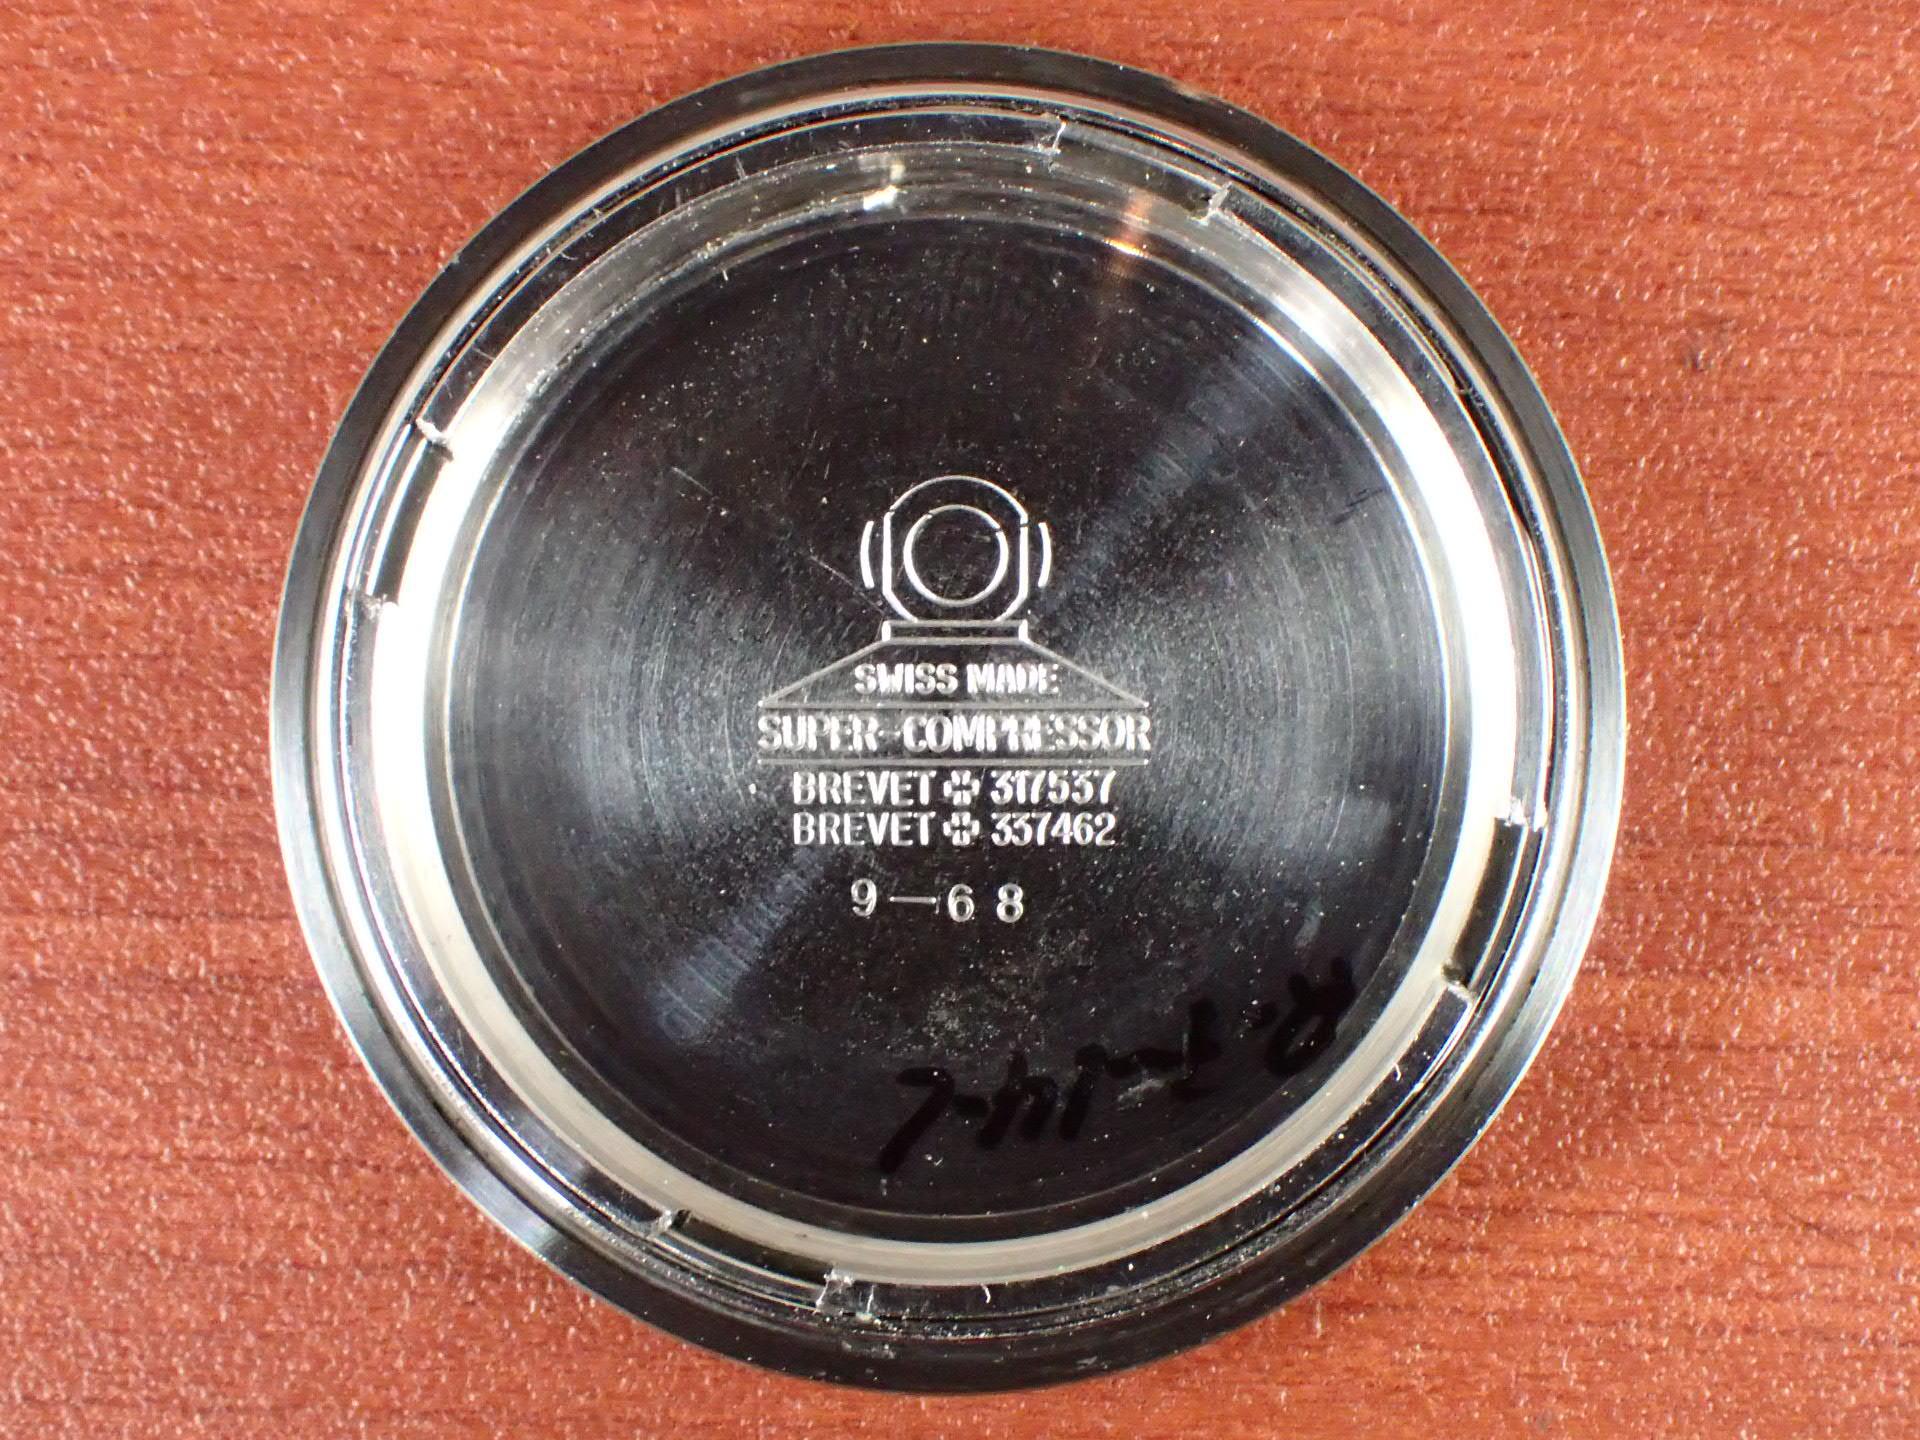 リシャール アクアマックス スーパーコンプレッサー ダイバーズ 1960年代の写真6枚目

____________________

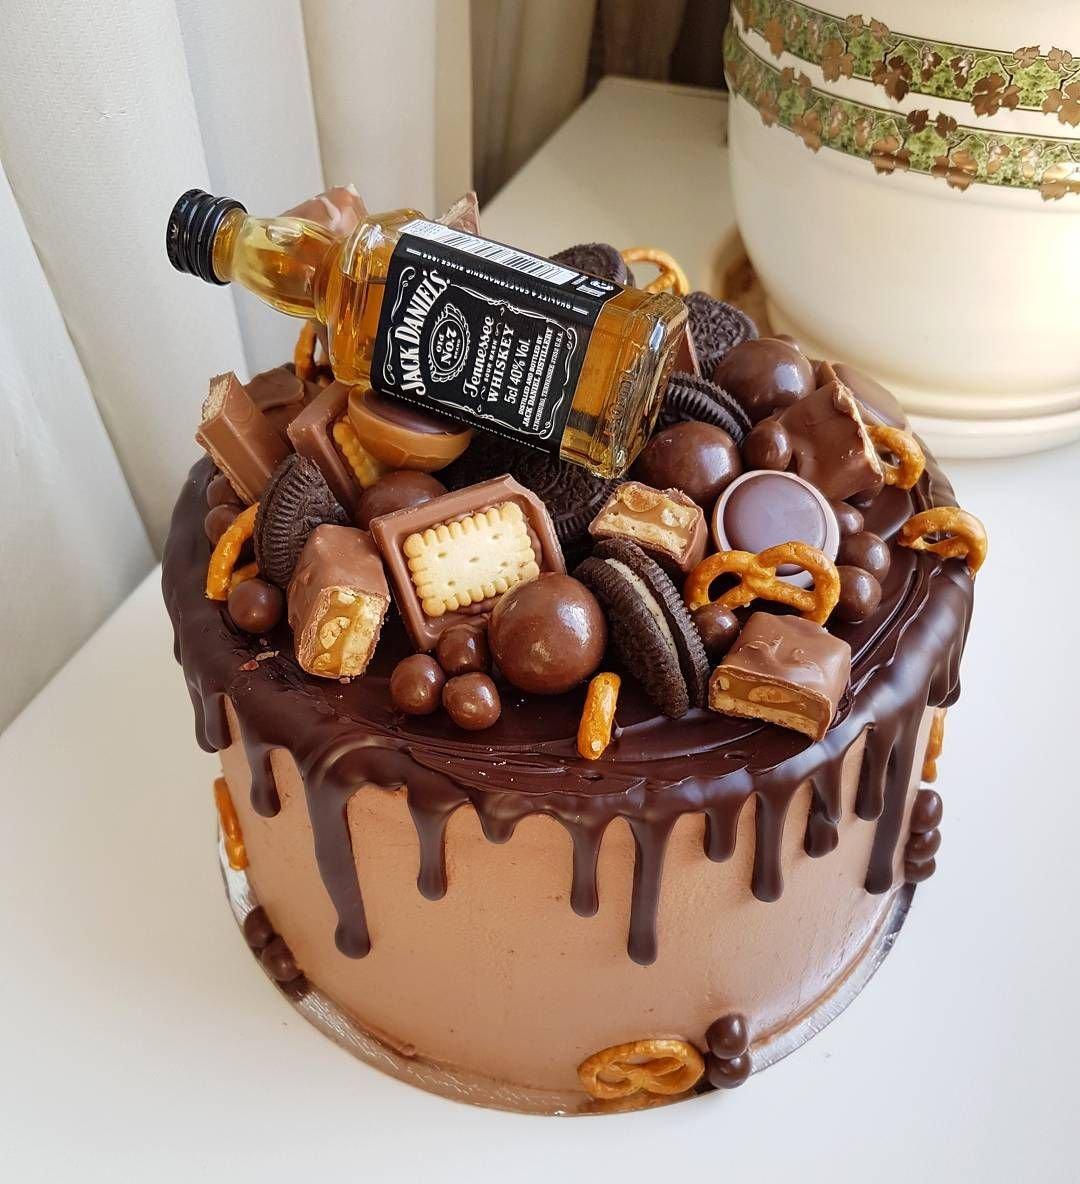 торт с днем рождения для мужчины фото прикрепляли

____________________

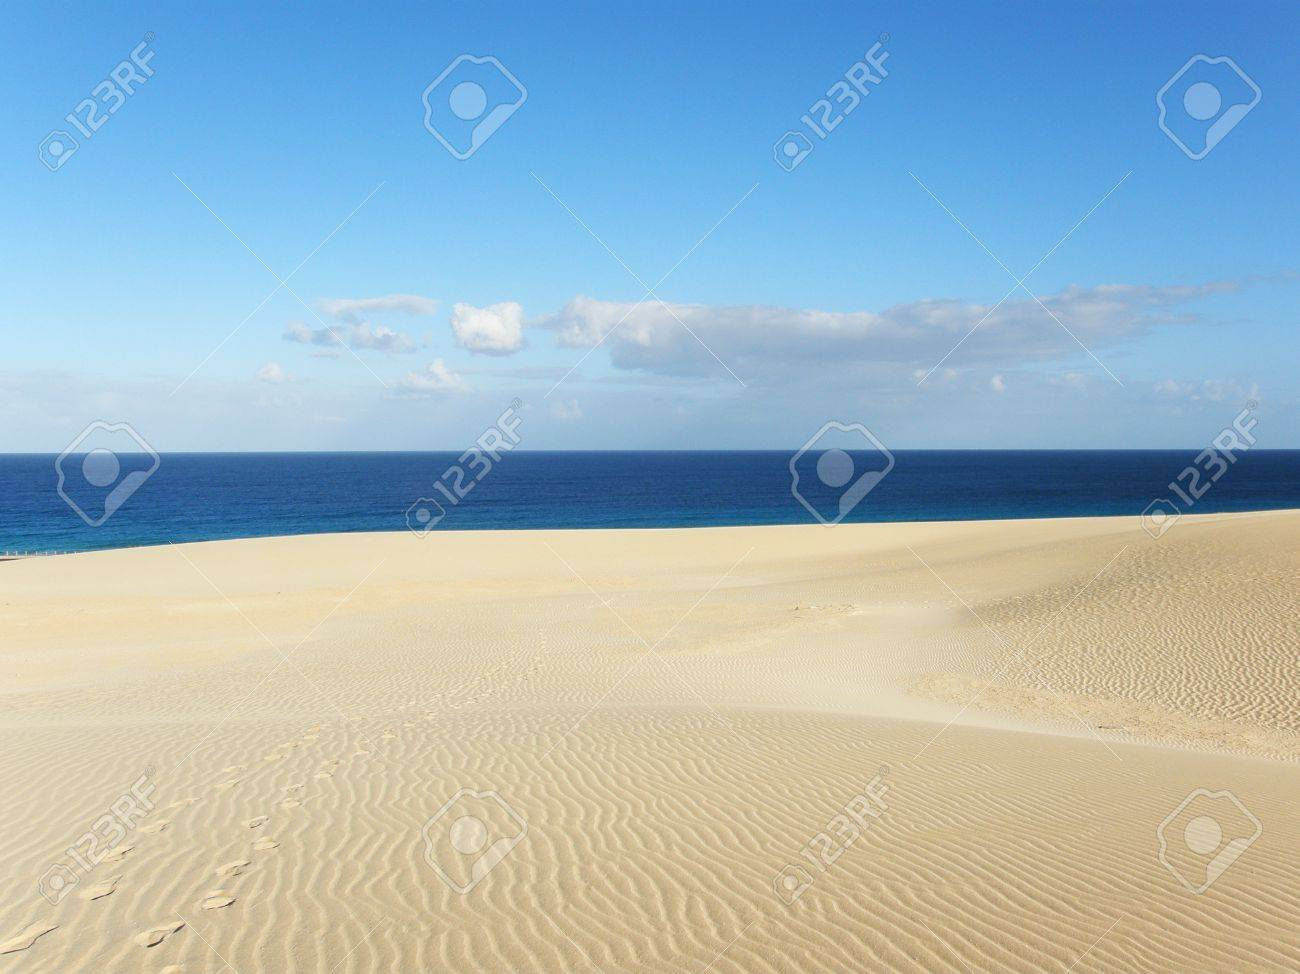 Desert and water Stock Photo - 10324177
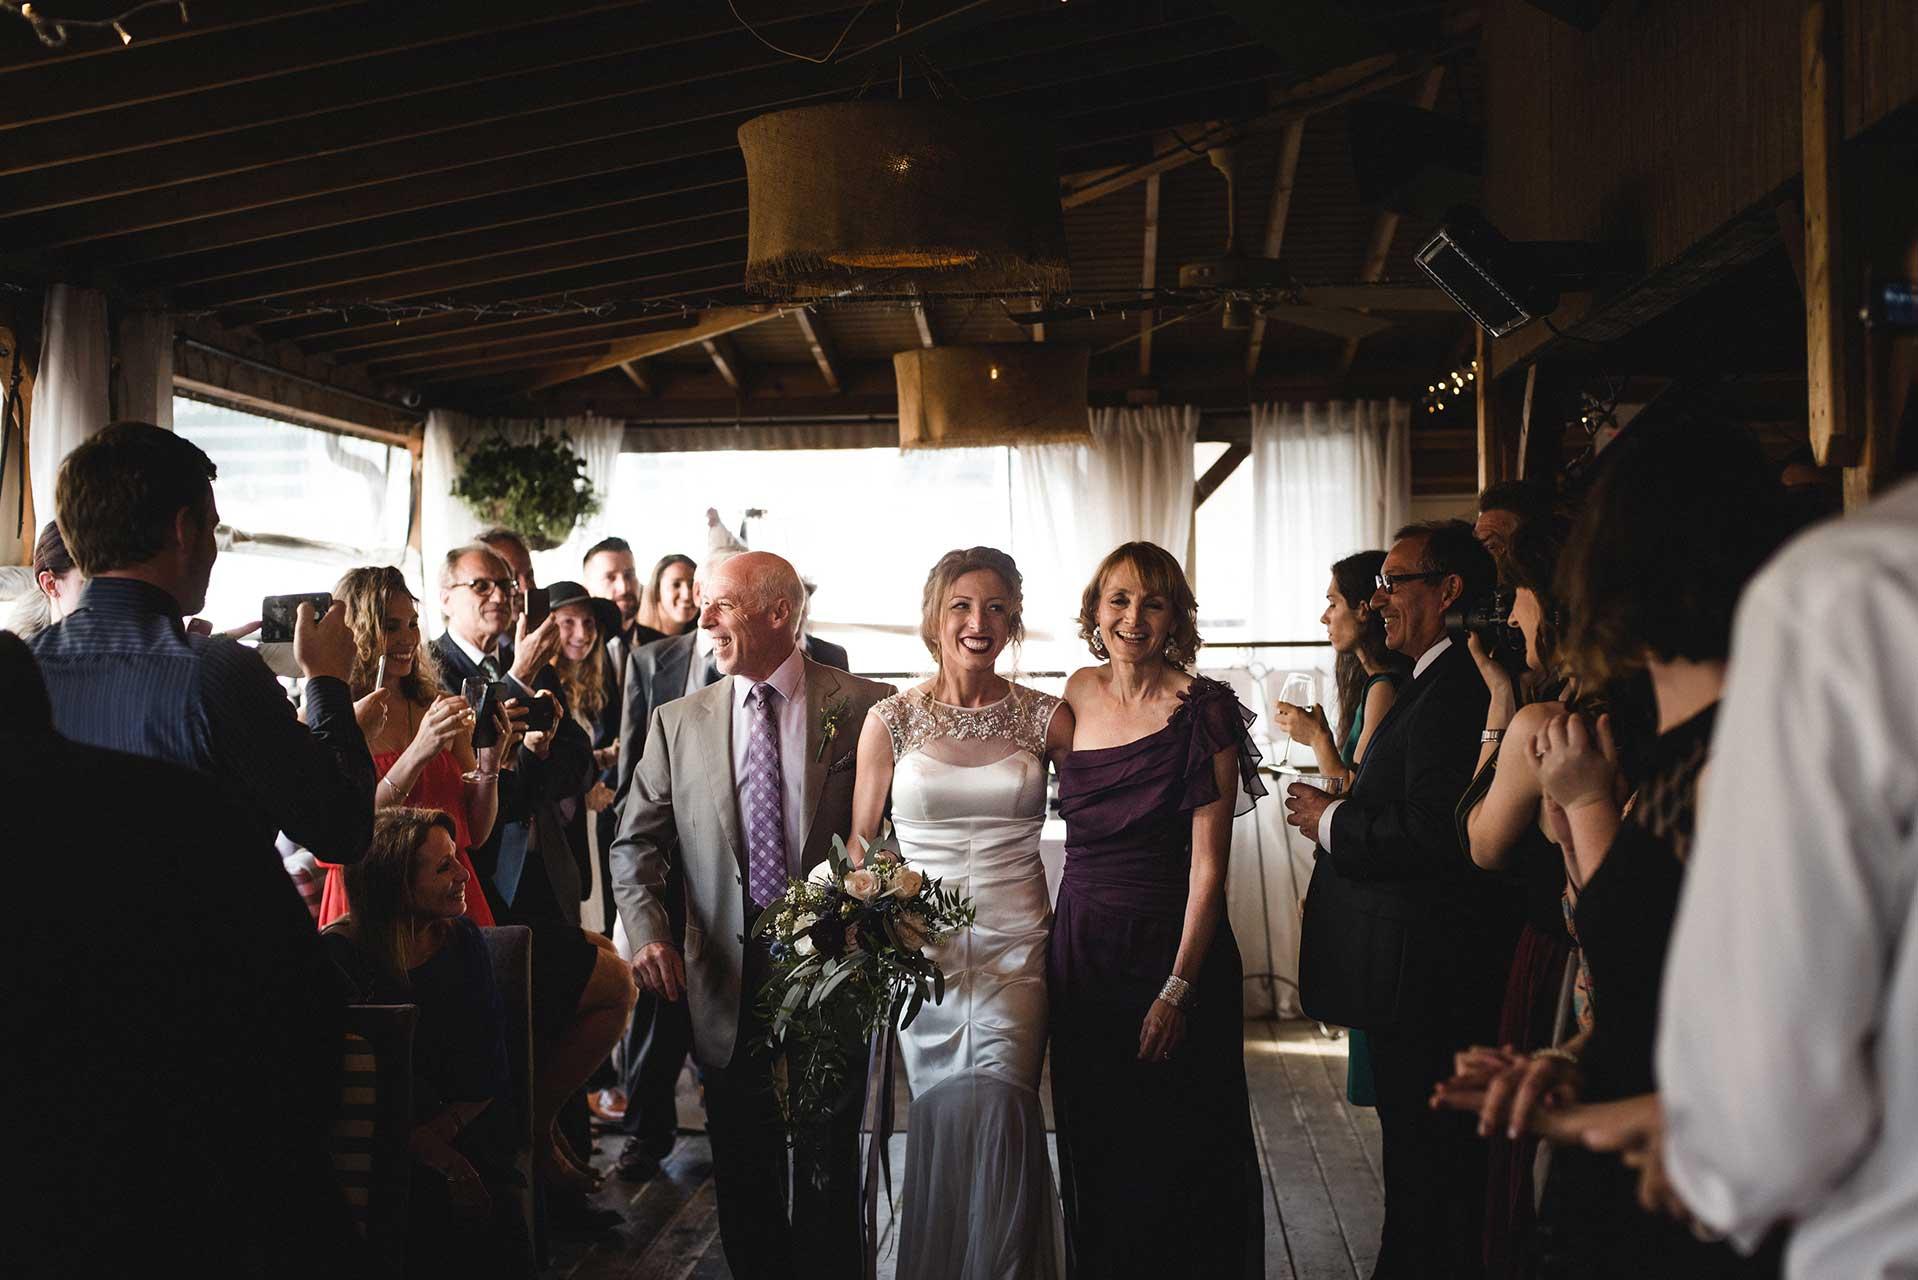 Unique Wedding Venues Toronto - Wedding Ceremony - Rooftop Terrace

____________________

Exercise aim: In the entries above, find the line containing "Desert and water Stock Photo - 10324177" and the line containing "Unique Wedding Venues"; give again exactly those two lines and every line between them, minus the pictures.

Answer section:
 Desert and water Stock Photo - 10324177
 Unique Wedding Venues Toronto - Wedding Ceremony - Rooftop Terrace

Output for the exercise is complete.